So when I read Herodotus' accounts of the Pyramids of Fayum and its Labyrinth, a city that happened to be very famous among Greeks and Romans, perhaps the time frames between Egyptians, Greeks and Romans are not so far apart.
I also knew of El Fayum portraits or mummy portraits from El Fayum, mummy portraits to a type of naturalistic portrait painted on boards of different types of wood or on canvas, which cover the face of many mummies from the Roman province of Egypt.
In fact, the El Fayum portraits are the only large body of art of that tradition, with about a thousand specimens, that has survived and that was continued in the Byzantine and Western traditions in the post-classical world, including the local traditional Coptic iconography in Egypt.
SH Archive - What was Giovanni Battista Piranesi trying to say. 17-18th century apocalypse?

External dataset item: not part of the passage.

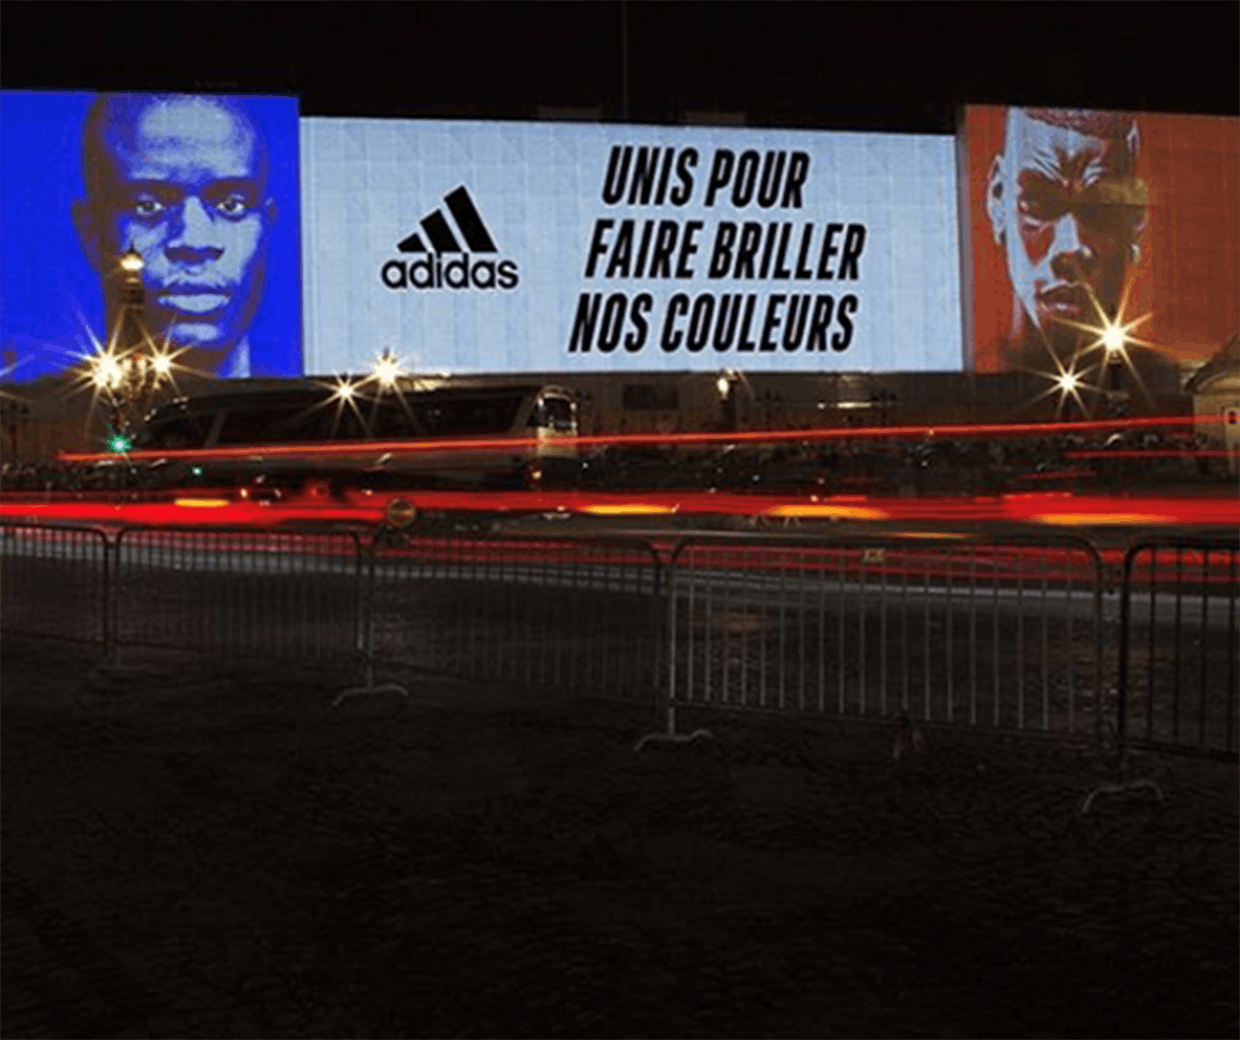 Electricista ballena azul Diligencia Adidas ramps up key city strategy as it makes a play for Paris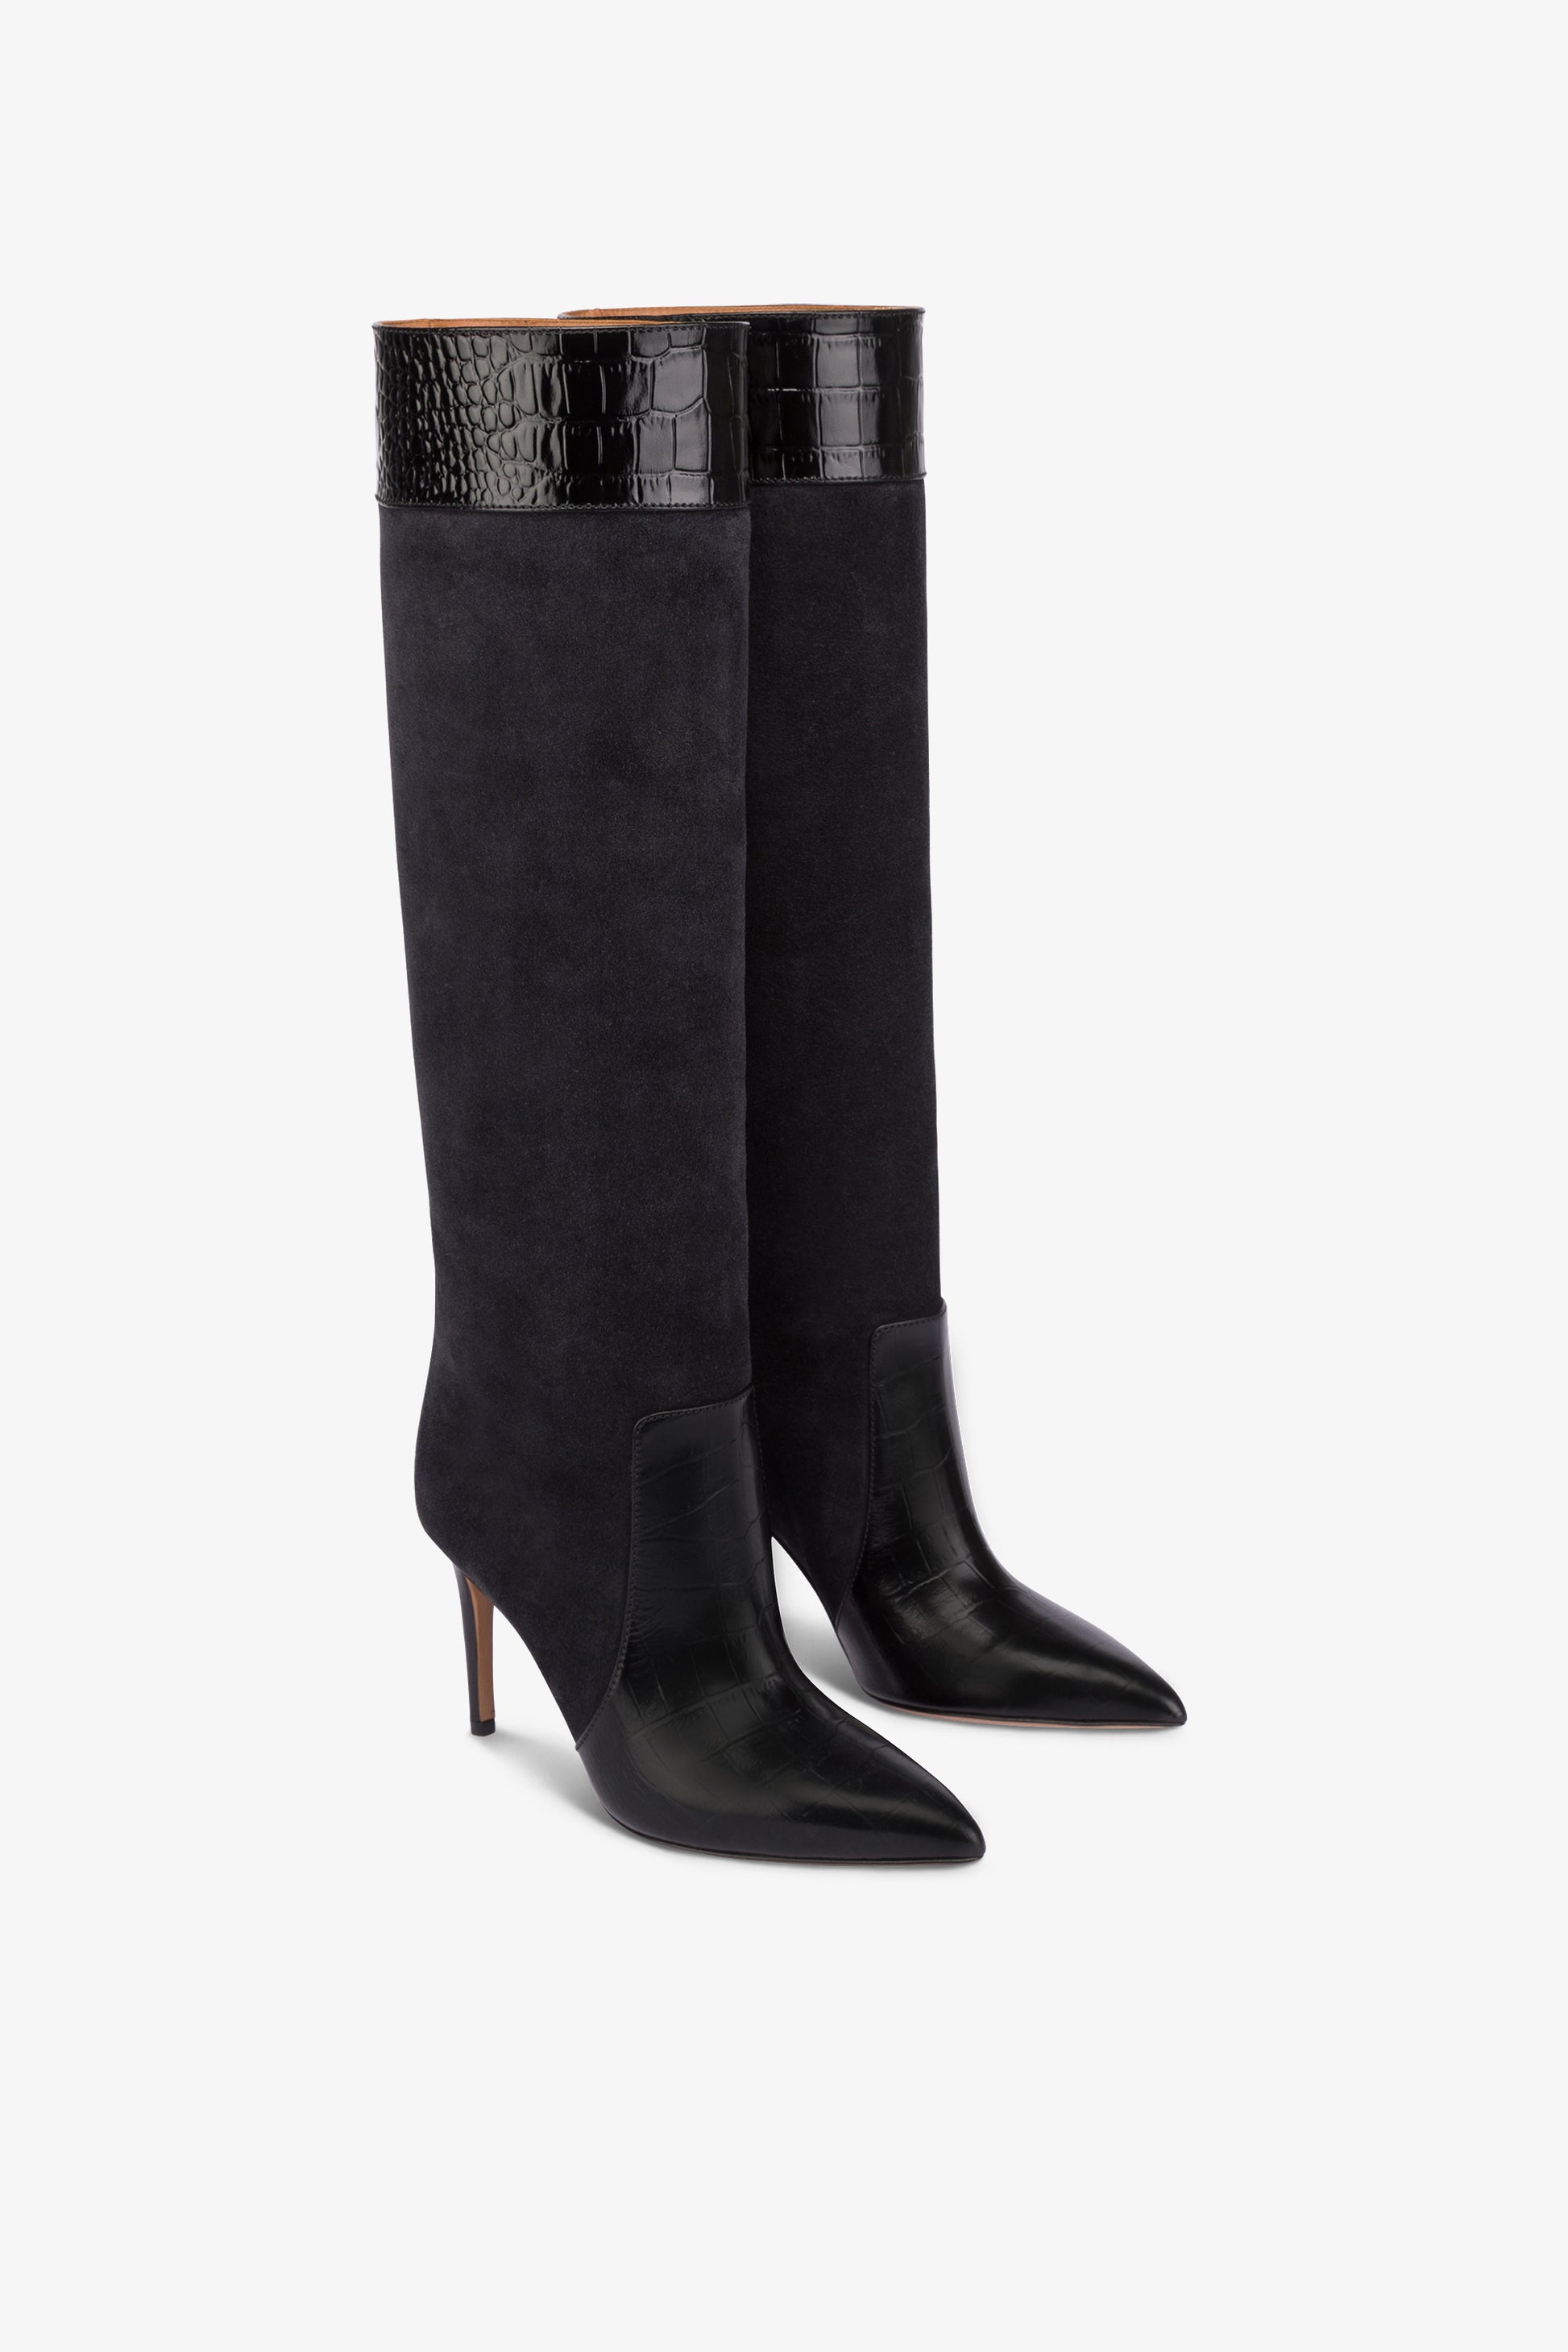 Long, pointed boots in black and off-black croco-embossed and suede

*Herodotus* describes it as follows:


But although the labyrinth is such a rich and grandiose work, the lagoon called Meris, near which it was built, causes even greater admiration. The lagoon has a circumference of 3,000 stadia, a measure that corresponds to sixty schenos, the same length as the maritime coasts of Egypt; it runs along from north to south, and has fifty orgias of depth at its greatest depth. By itself it declares that it is the work of hands and artificial.
The land in the whole region being so arid and lacking in water, it cannot be born in the lagoon itself, but has been conducted to it by a canal derived from the Nile; and in fact, it passes from the river to the lagoon during six months, in which the fishing yields to the treasury twenty mines daily, and leaves the lagoon in the other six months, which produce to the same treasury a talent of silver every day.
Lake Moeris - Wikipedia







They agreed to leave a monument in the common name of all, and with this object they built the labyrinth, a little beyond the Meris lagoon, towards the city called of the Crocodiles. I wanted to see it for myself, and it seemed to me even greater than what is usually said and made expensive. I will venture to say that whoever goes through the fortresses, walls and other factories of the Greeks, who boast of their greatness, will find none among them that is not lesser and inferior in cost and labor to the said labyrinth.



















Mummy portraits have been found throughout Egypt, but are most common in the Fayum region, and in particular the necropolis of Hawara is famous, hence the name; although the "Fayum portraits" are considered more of a stylistic description than a geographical one. While instances of mummy paintings date back to the Pharaonic period, the mummy portraits of El Fayum were an innovation dating to the time of the Roman occupation of Egypt.
Fayum mummy portraits - Wikipedia


----------



## Silveryou (Dec 23, 2021)

There is definitely a connection between southern Italy and Egypt. Many Italians pose as 'nordic' and 'indo-european', while the reality is in their faces. The portraits at Pompeii are proof enough for me, the other proof being the presence of a Pope in southern Egypt/Nubia.

Obviously all these portraits are from the Renaissance period or later, imo.


----------



## Akanah (Dec 23, 2021)

Silveryou said:


> There is definitely a connection between southern Italy and Egypt. Many Italians pose as 'nordic' and 'indo-european', while the reality is in their faces. The portraits at Pompeii are proof enough for me, the other proof being the presence of a Pope in southern Egypt/Nubia.
> 
> Obviously all these portraits are from the Renaissance period or later, imo.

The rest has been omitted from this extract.